Would you return the data exactly as given, except for its pictures?

SOURCE MATERIAL:
----

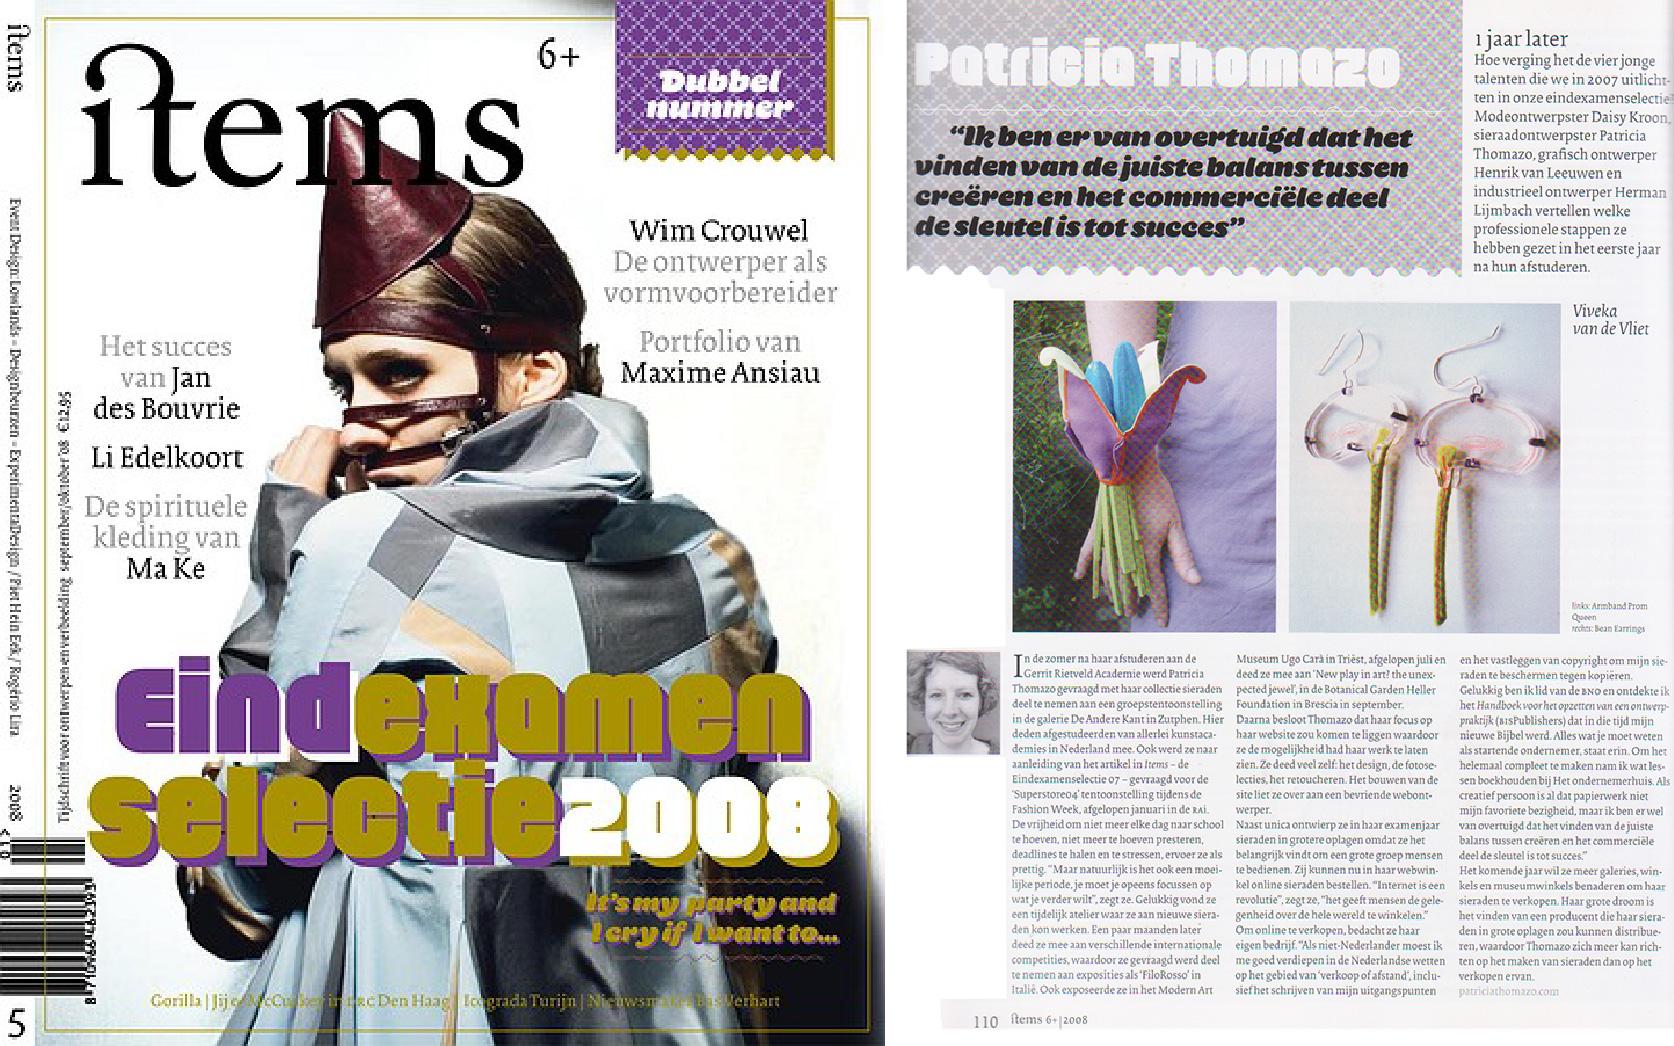 items magazine, follow up interview of Patricia Thomazo's jewellery work
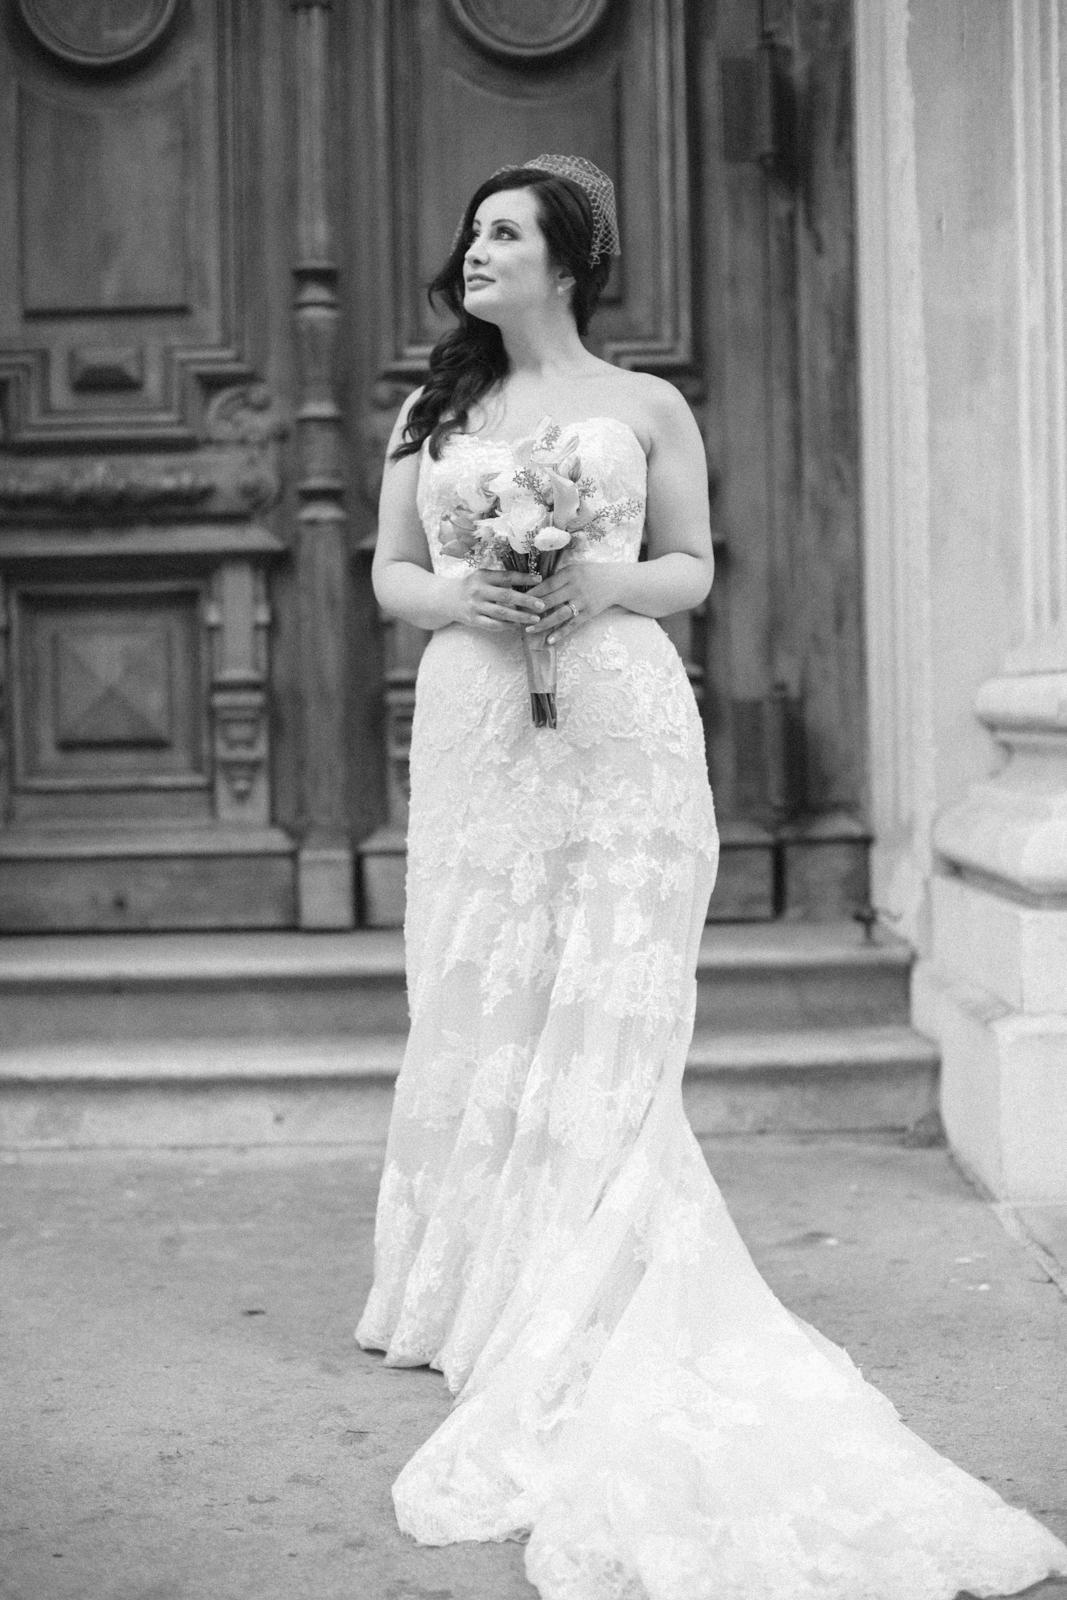 NYC Wedding Photography Lofts at Prince Brooklyn NYC Photographer Boris Zaretsky _B2C8086.jpg
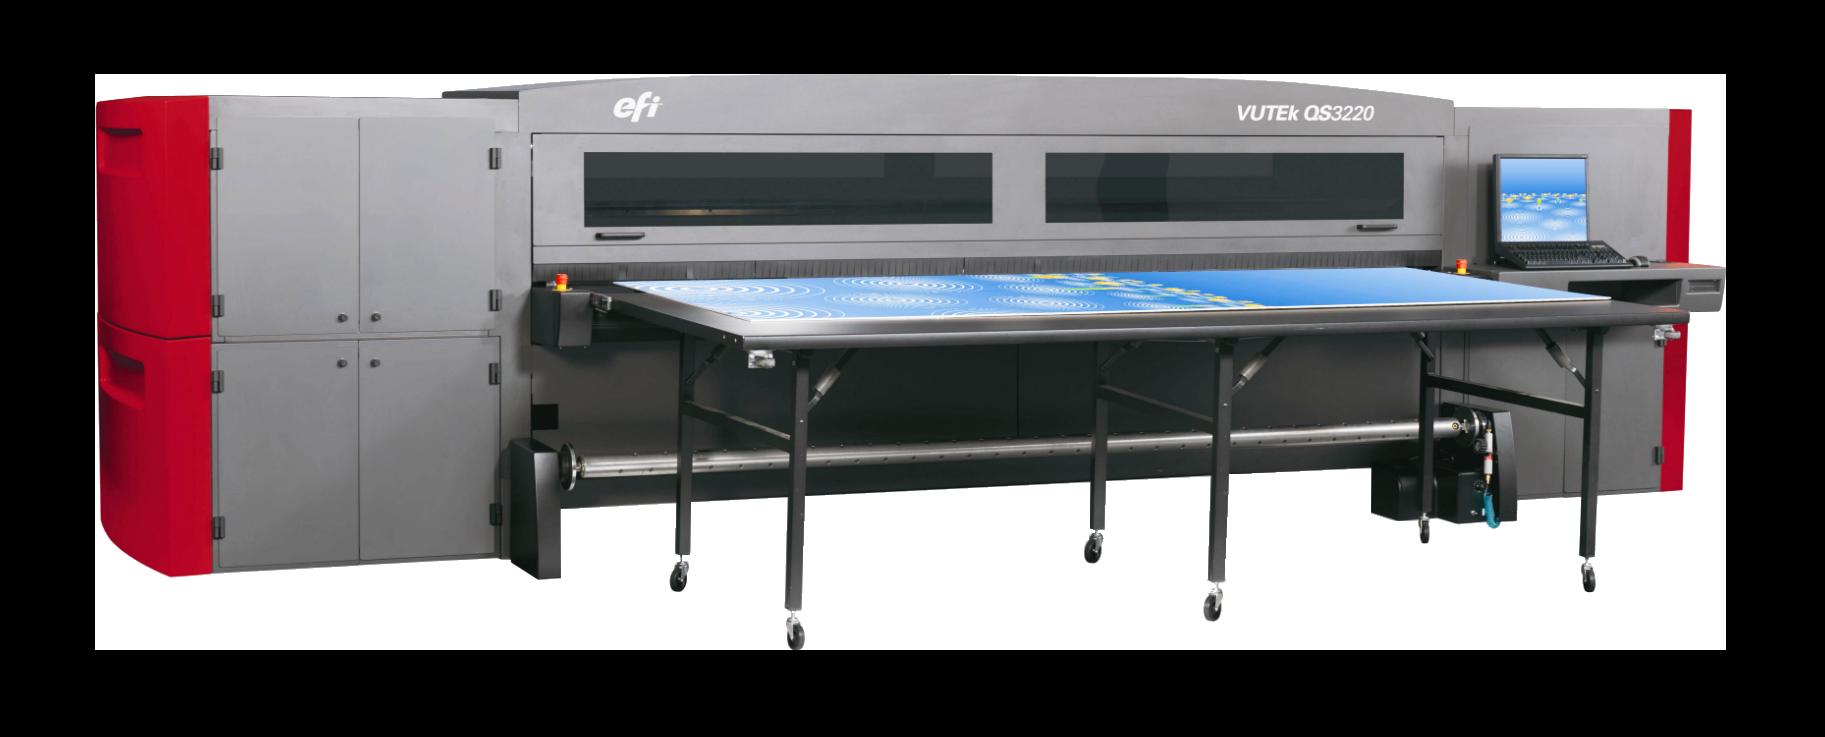 efi Vutek Super Wide Format printer
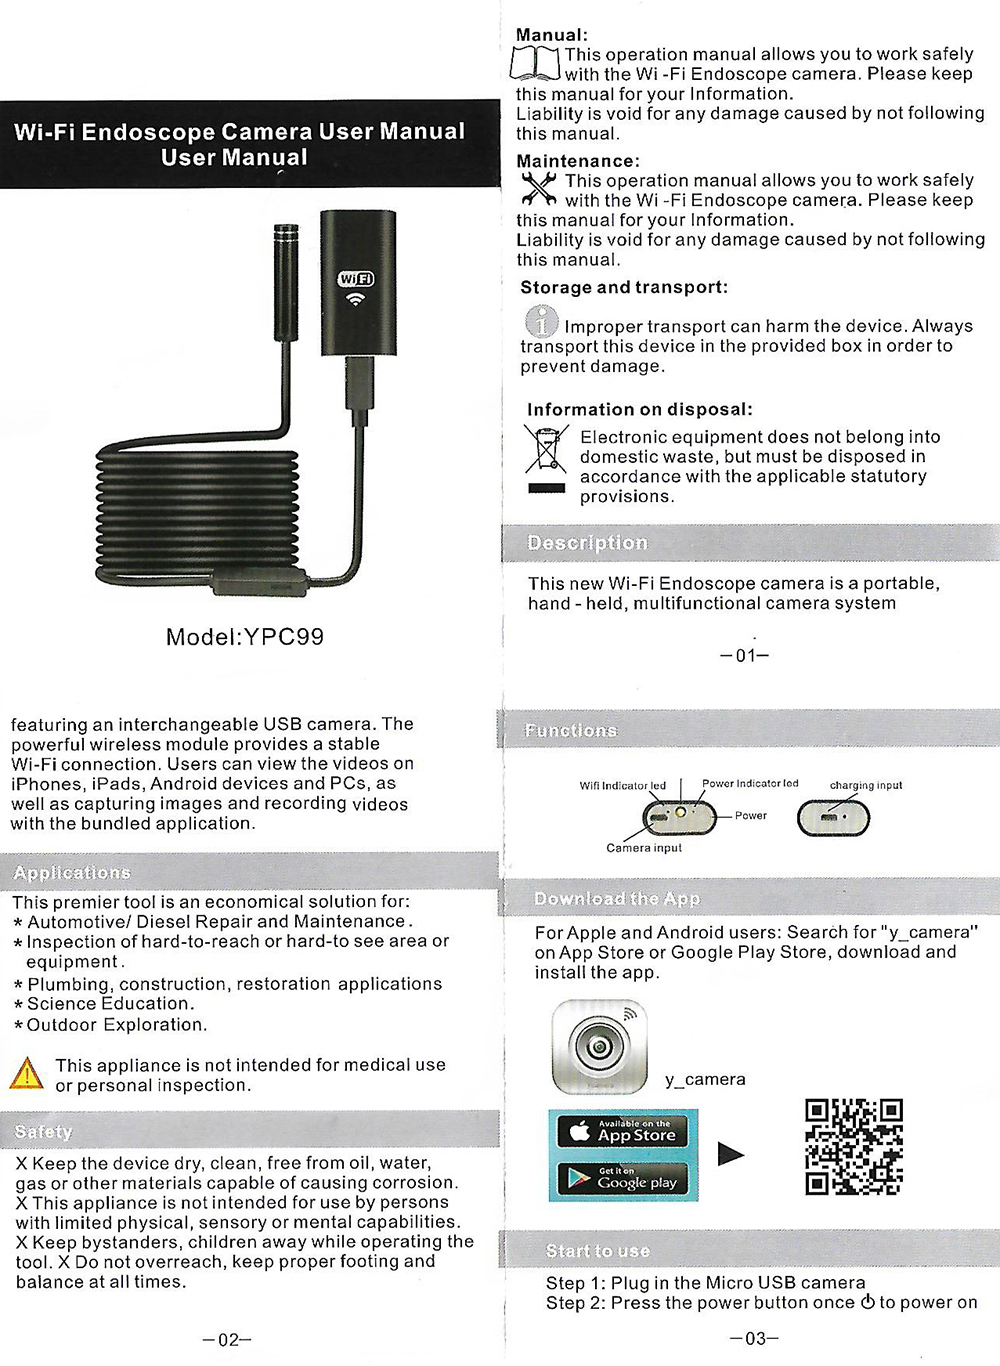 Hard Cable 720P Wifi Endoscope Camera 8mm Waterproof Endoscope Android iOS  Smart Phone Endoscope Pipe Wi-fi Wi fi Mini Camera

----

RESPONSE:
 items magazine, follow up interview of Patricia Thomazo's jewellery work
 NYC Wedding Photography Lofts at Prince Brooklyn NYC Photographer Boris Zaretsky _B2C8086.jpg
 efi Vutek Super Wide Format printer
 Hard Cable 720P Wifi Endoscope Camera 8mm Waterproof Endoscope Android iOS  Smart Phone Endoscope Pipe Wi-fi Wi fi Mini Camera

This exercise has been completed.